Потом мне вспомнился разговор двух старых женщин в «Ракете». («Стена-то высоченная, воды-то сколько там накопилось! Ай прорвется? Наш Красноярск с головкой накроет». — «Теперь-то крепко инженера строют, у меня зять там работает, надежно, говорит». — «Оно так. А как бомбу враг бросит?» — «Не допустят, должно…») Сейчас я мог бы только усмехнуться наивности и дотошной практичности их слов, но и тогда меня это не очень волновало. Что-то другое, едва ли не с самого начала, зябко шевельнувшись во мне, замерло; и вот опять ожило, требуя ответа. Через минуту я уже знал, определил для себя, что это такое, и спросил Таршукова:
— Стена-то глухая?
— Как?
— Ну, так — от берега до берега сплошная?
— Так и должно.
— А пароходы, баржи?..
— Э-э… Такая штука будет — судоподъемник. Как ванна большая. Войдет в нее пароход, поднимут его, а на другой стороне выпустят.
— А рыба как?
— Это не знаю. — Саша развел руки, глядя себе под ноги. — Говорят стоит там на три метра толщиной, ниже бьефа. Стоит, думает. — Саша улыбнулся, прищурив на меня глаза. — Хор-рошая рыбка! Тут одну стерлядку ребята подловили — килограмм на пять. Ушица была адмиральская. Тайком подловили. Рыбинспекция мешает.

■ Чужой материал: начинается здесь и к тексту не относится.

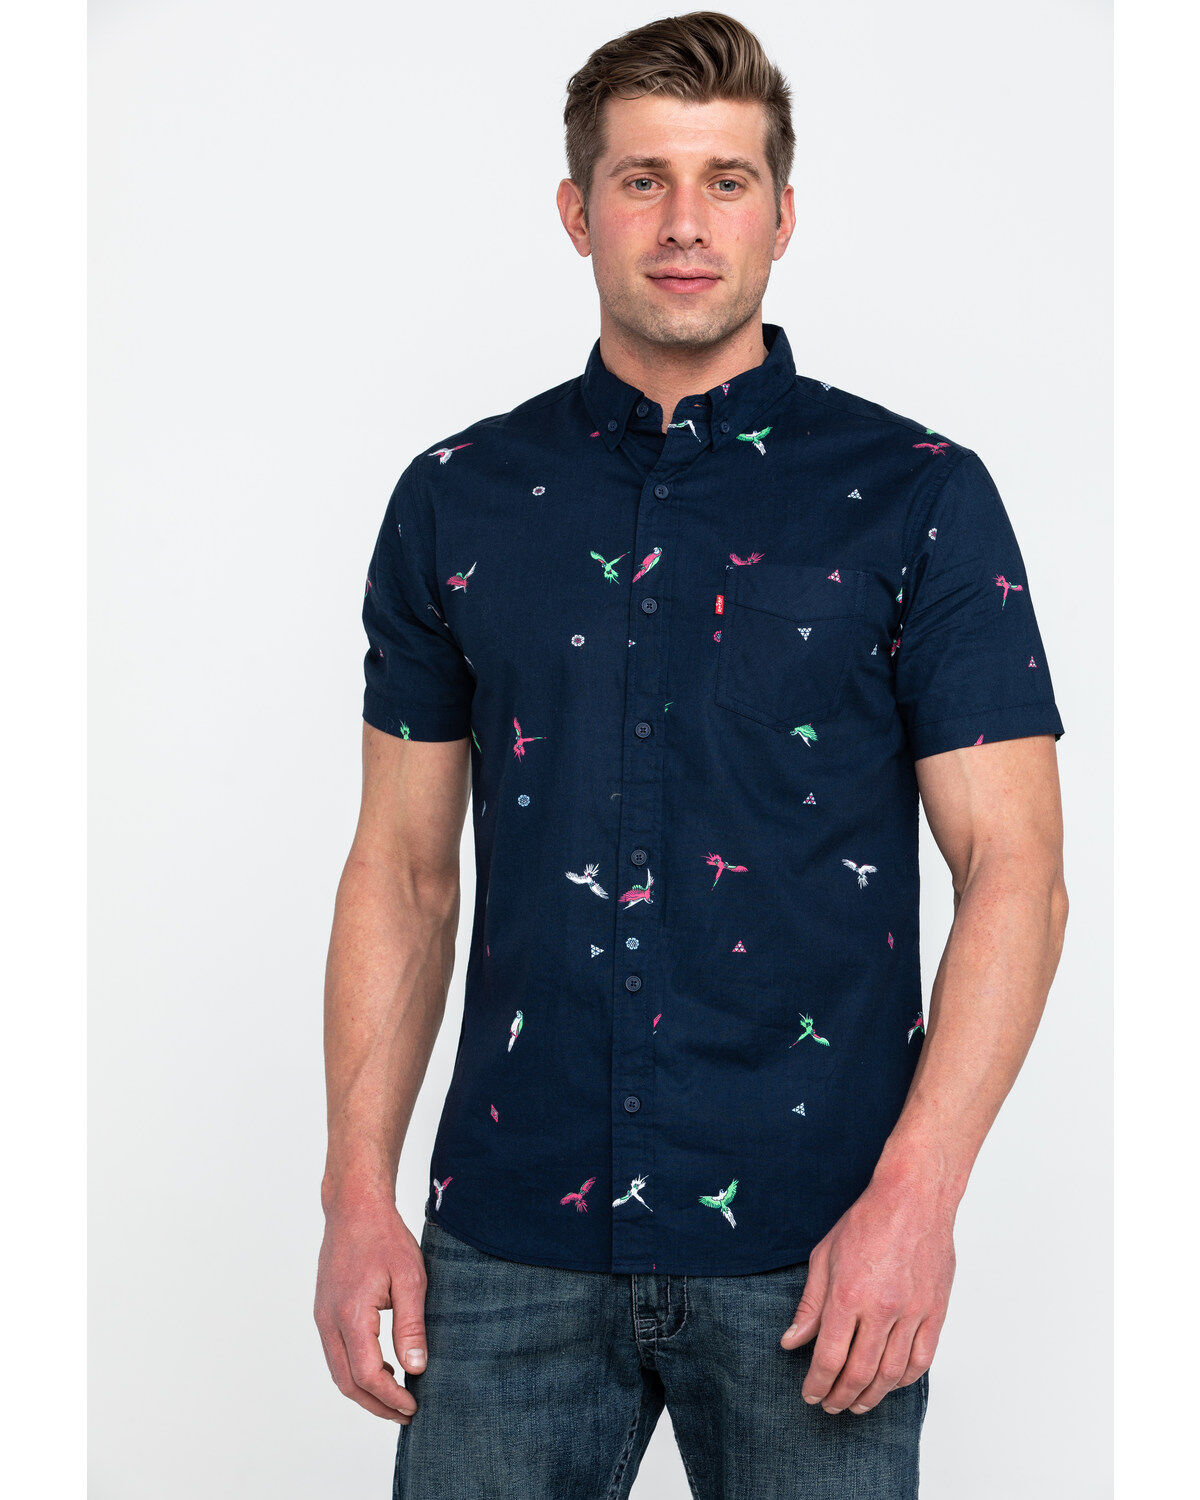 levis parrot shirt
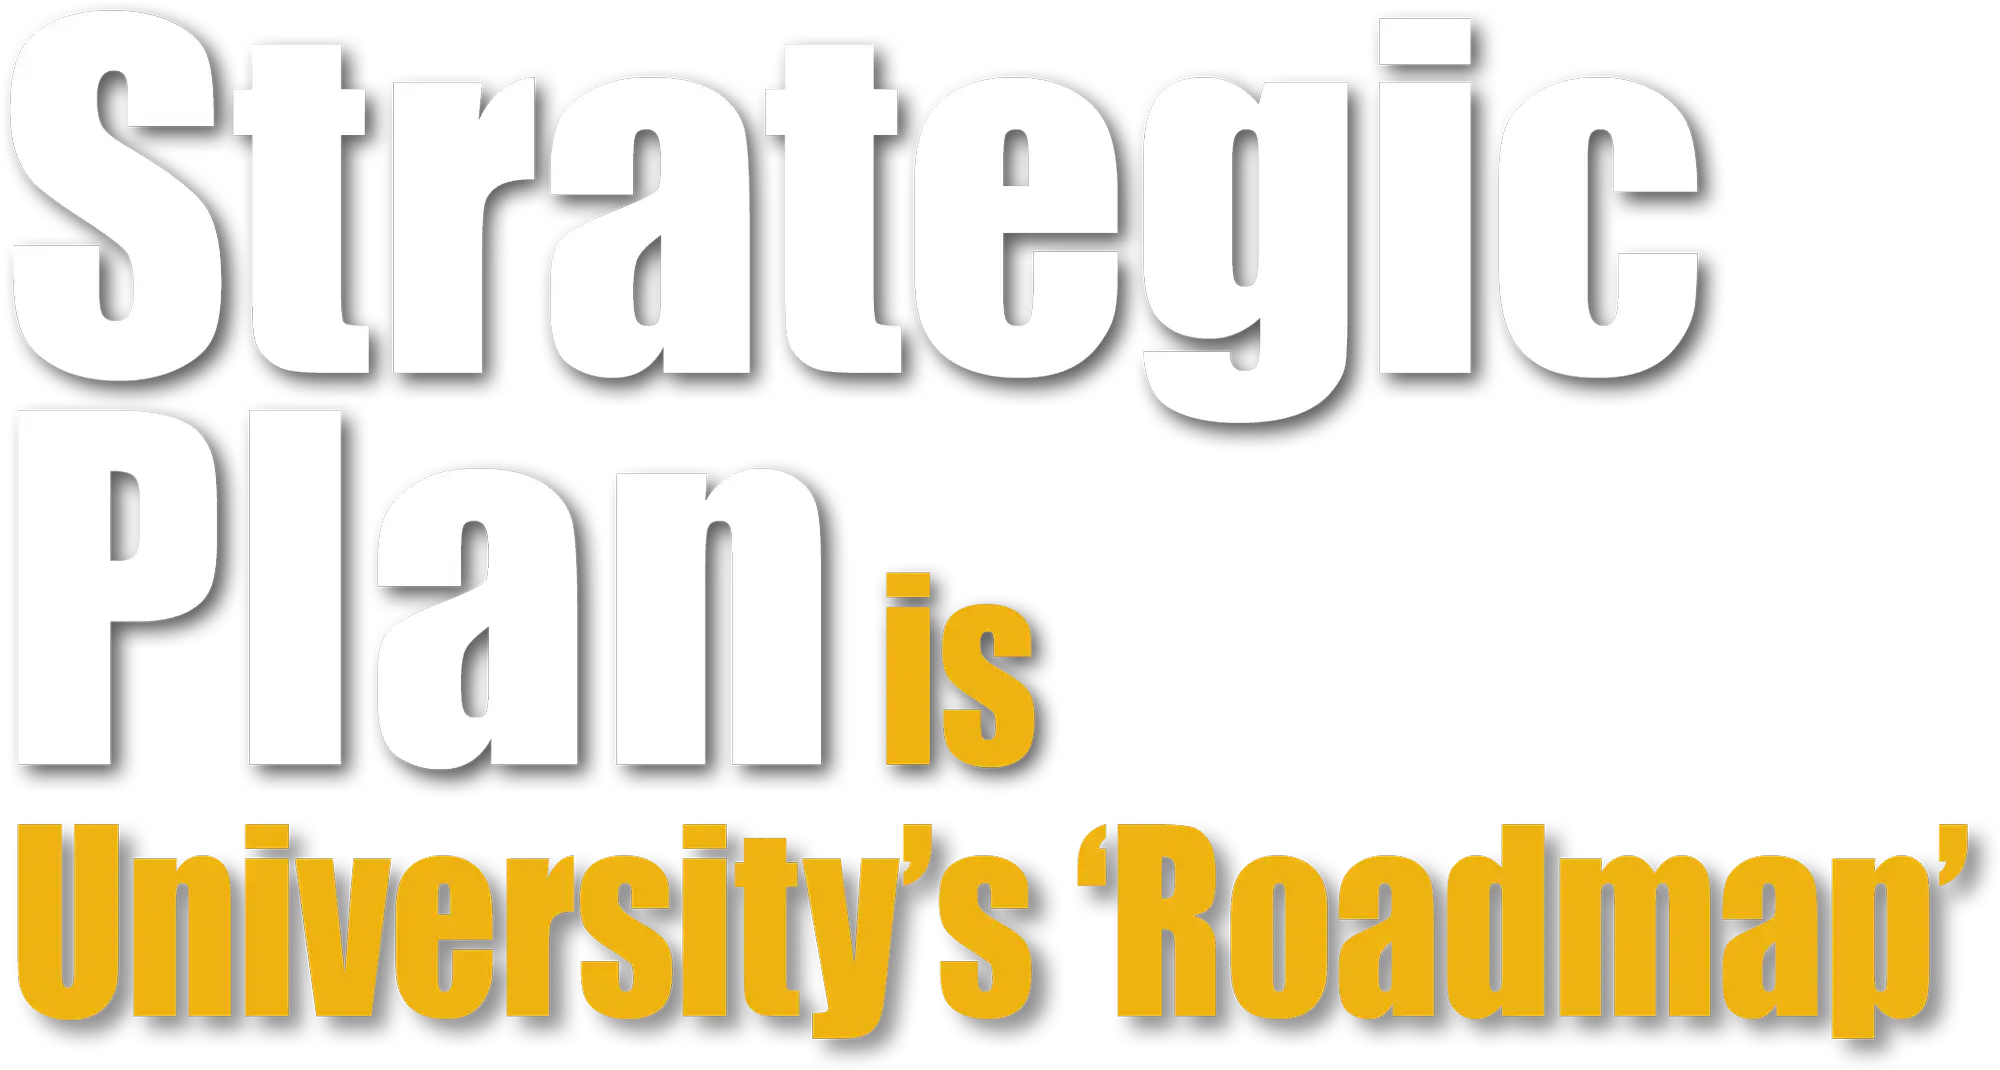 Strategic Plan is University's 'Roadmap'

«Как же так? — Накипало во мне. — Река на столетия, навсегда разрезана стеной. Это уже две разных реки. А потом их будет три, четыре… Вымрет енисейская рыба, в водохранилищах разведут карася… Исчезнет самая большая наша река… О разном таком столько уже писали! — Но тут же охлаждали меня другие слова: — Может быть, так надо? Мощнейшая в мире стройка. Размах! Я, наверное, чего-то не могу понять?..»
— Если вы из Москвы, скажем, или еще кто — вам поймают парочку, а? — сказал задумчиво, будто самому себе, Таршуков. — Могу познакомить.
— Прав мало. А в столовку не помешает. Что-то совсем скучно стало.
— Это можно. Сейчас забежим.
Саша повел по тропе на бугор, к дощатому, крашенному в зеленое, похожему на барак зданию, с неясной вывеской по фронтончику и деревянными колоннами. Это и была столовая. Чуть поодаль на более внушительном доме виднелась вторая такая же вывеска, но на двери висел замок. Теперь, пожалуй, хватало и одной столовки: рабочие понемногу разъезжались.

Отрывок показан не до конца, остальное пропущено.